WHAT TO DO: Leave out pictures; repeat exactly the lines from the "Baseball Charm Men's" line through the last of the data below.
******
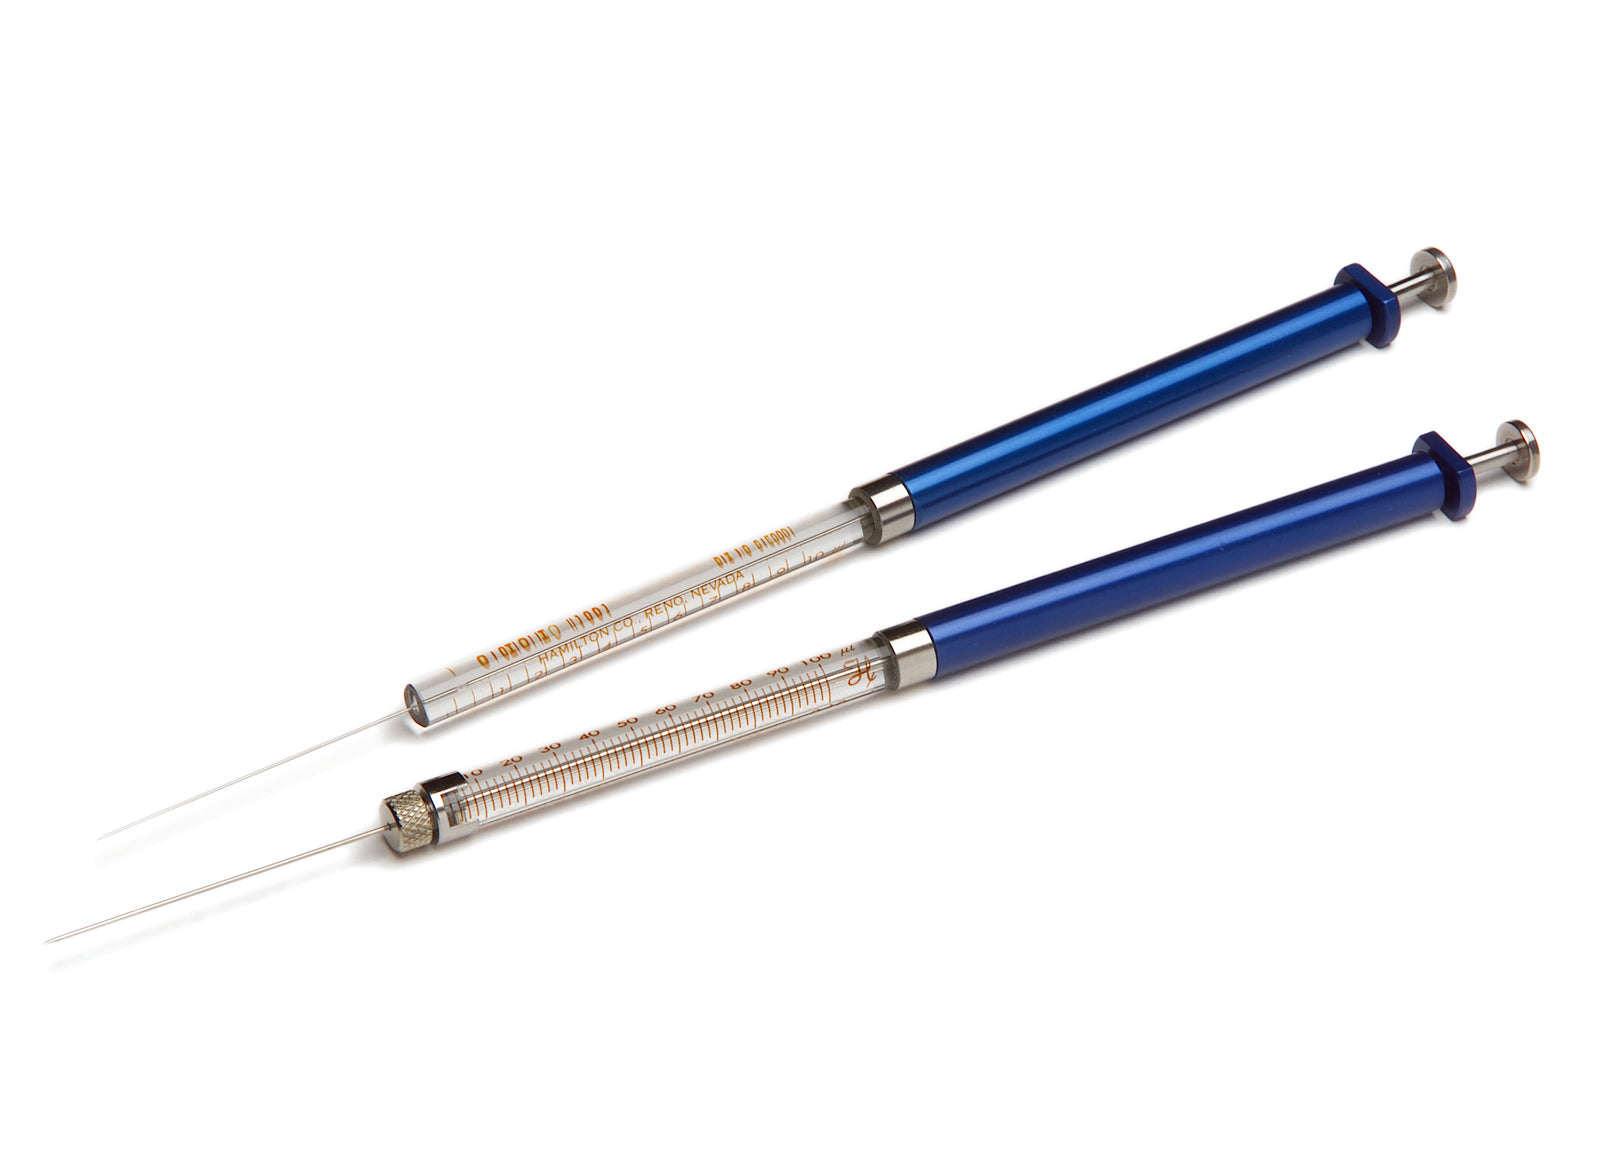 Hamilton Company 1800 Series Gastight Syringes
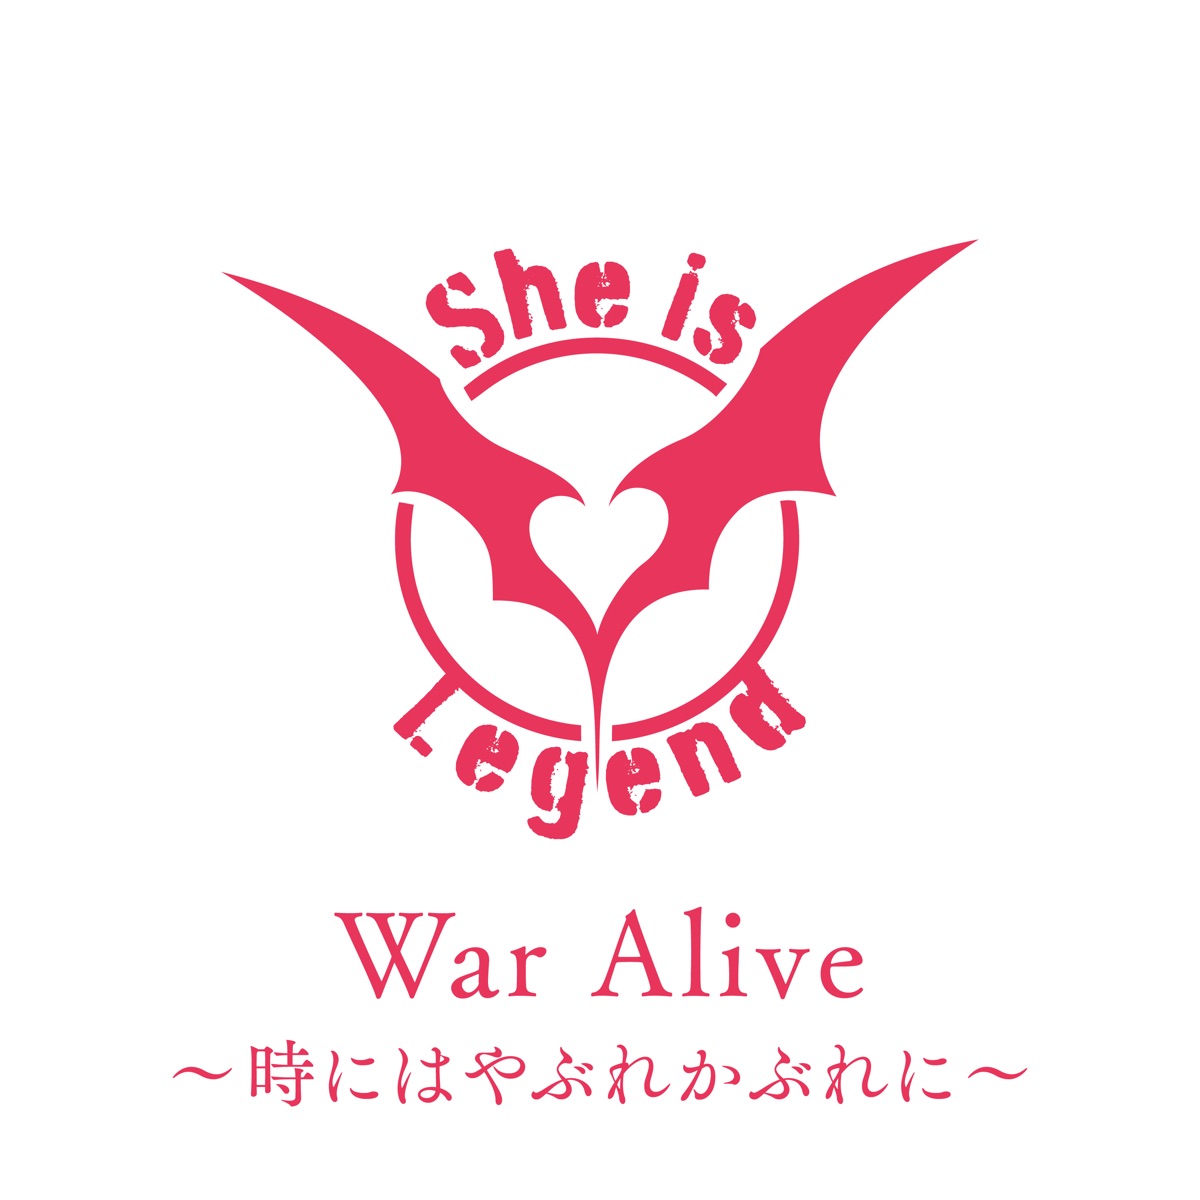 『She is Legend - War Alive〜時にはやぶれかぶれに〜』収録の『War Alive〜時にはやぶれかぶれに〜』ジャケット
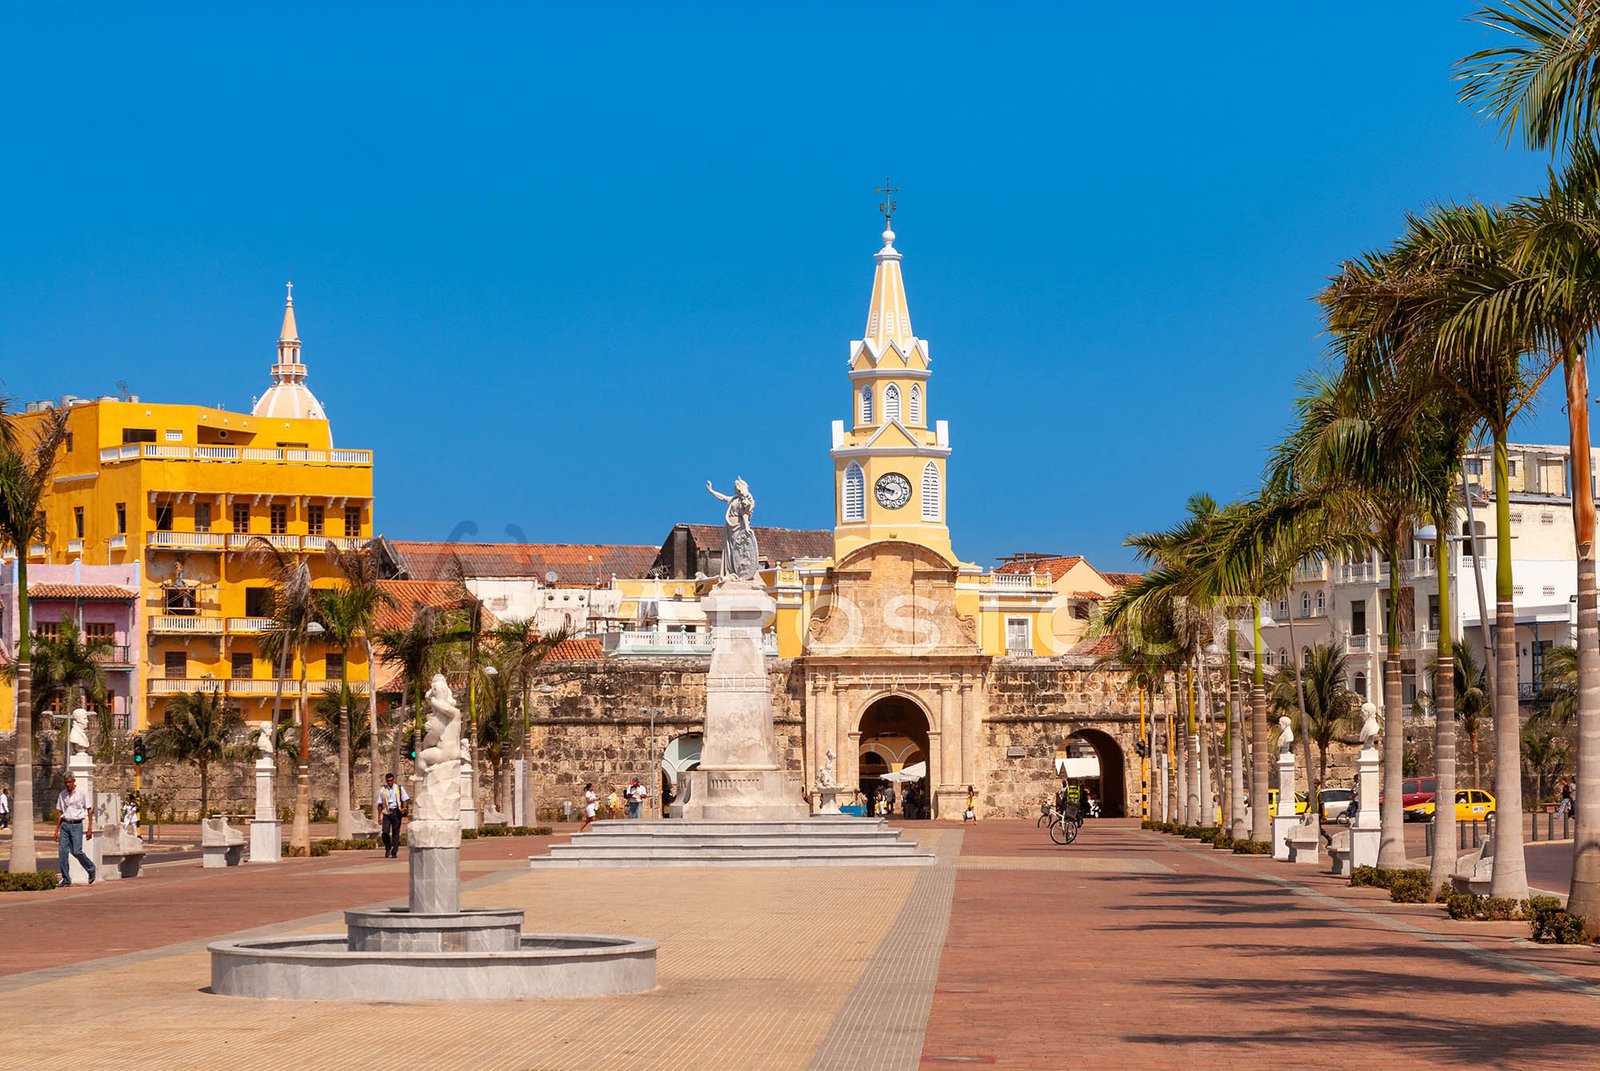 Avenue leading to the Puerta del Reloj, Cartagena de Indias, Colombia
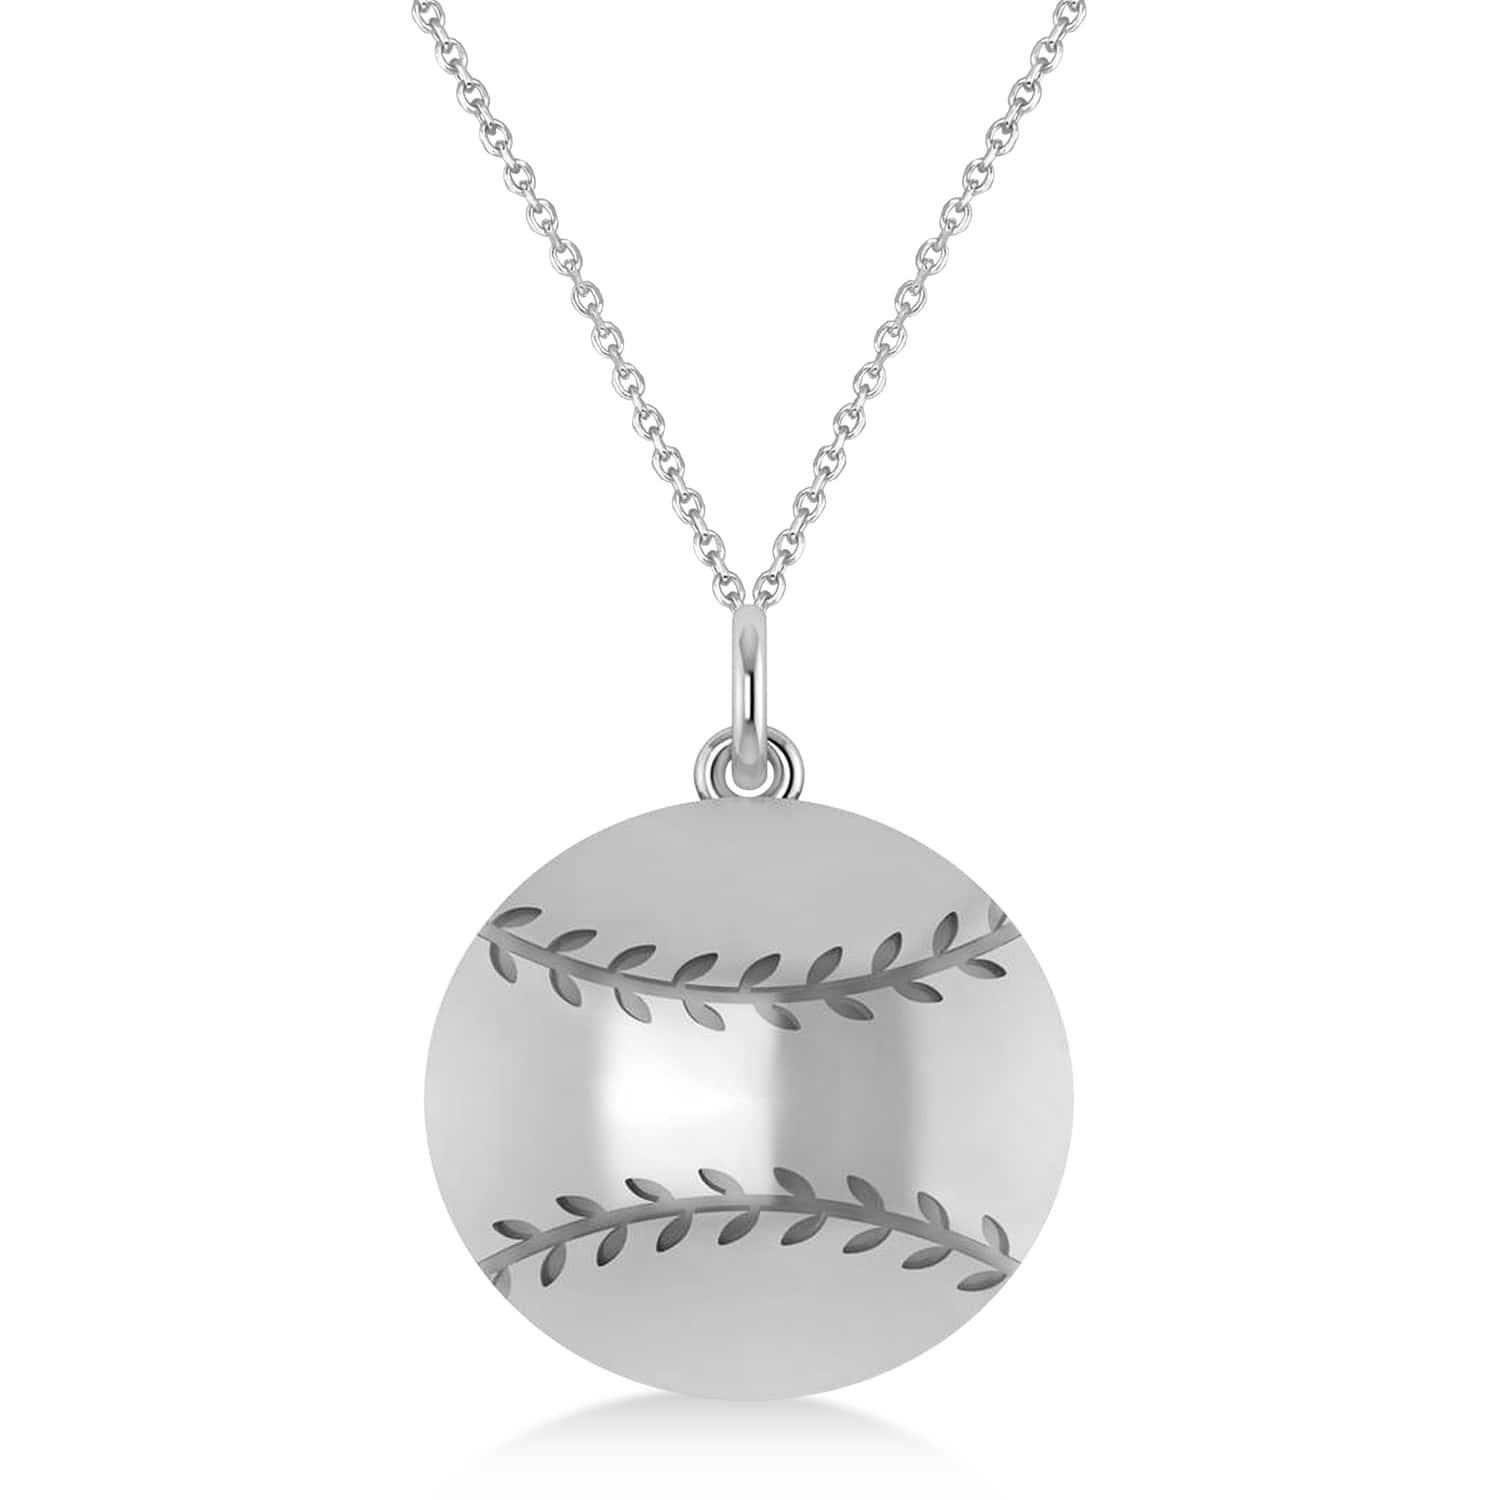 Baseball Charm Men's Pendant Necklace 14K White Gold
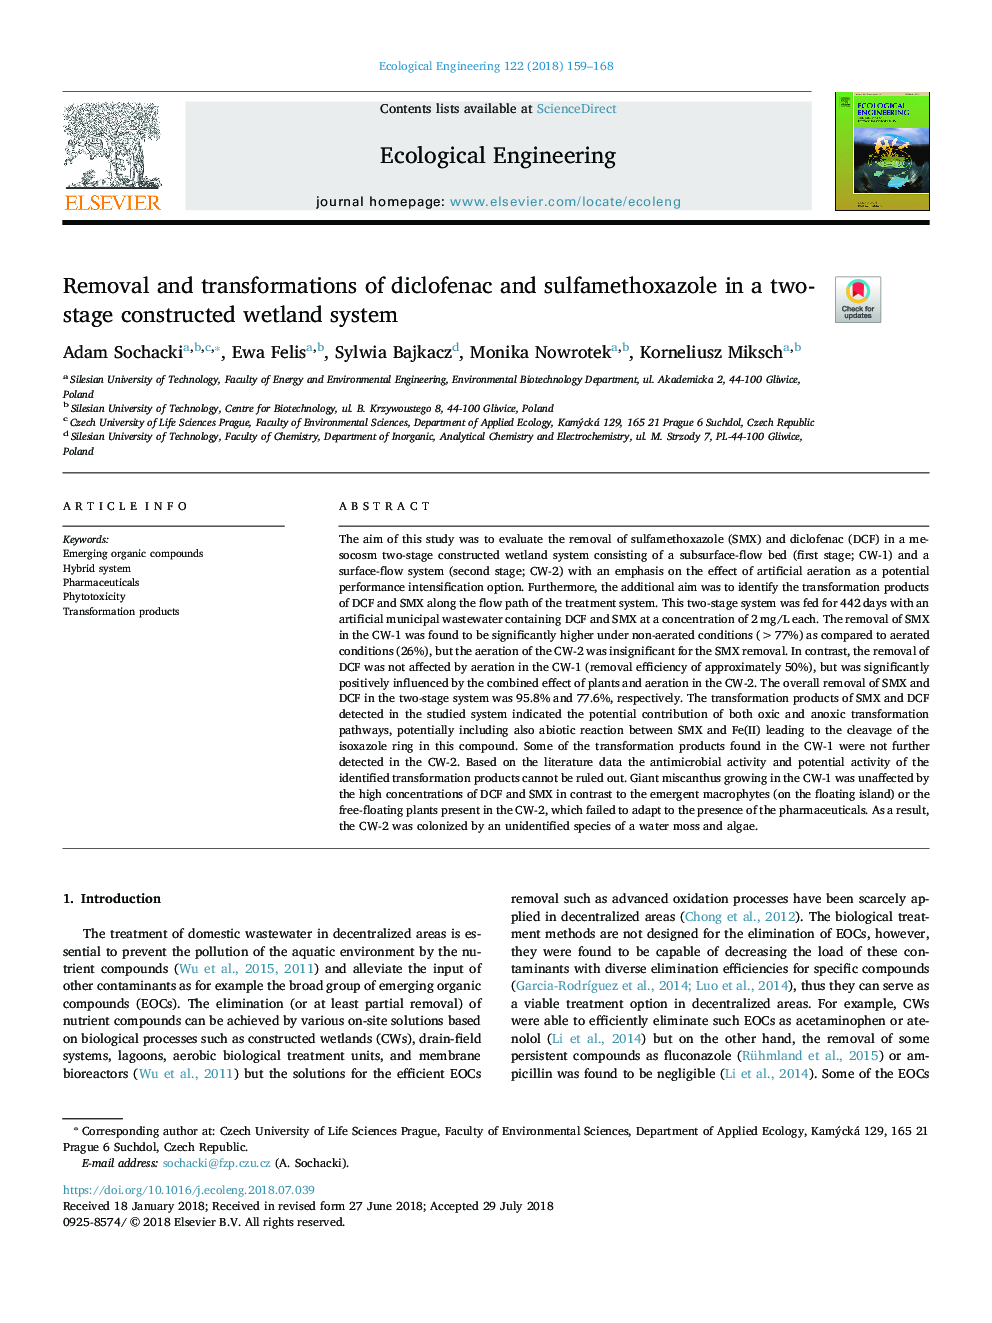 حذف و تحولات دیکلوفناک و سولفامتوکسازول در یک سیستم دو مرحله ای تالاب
******
ANSWER SPACE:
 Baseball Charm Men's Pendant Necklace 14K White Gold
 حذف و تحولات دیکلوفناک و سولفامتوکسازول در یک سیستم دو مرحله ای تالاب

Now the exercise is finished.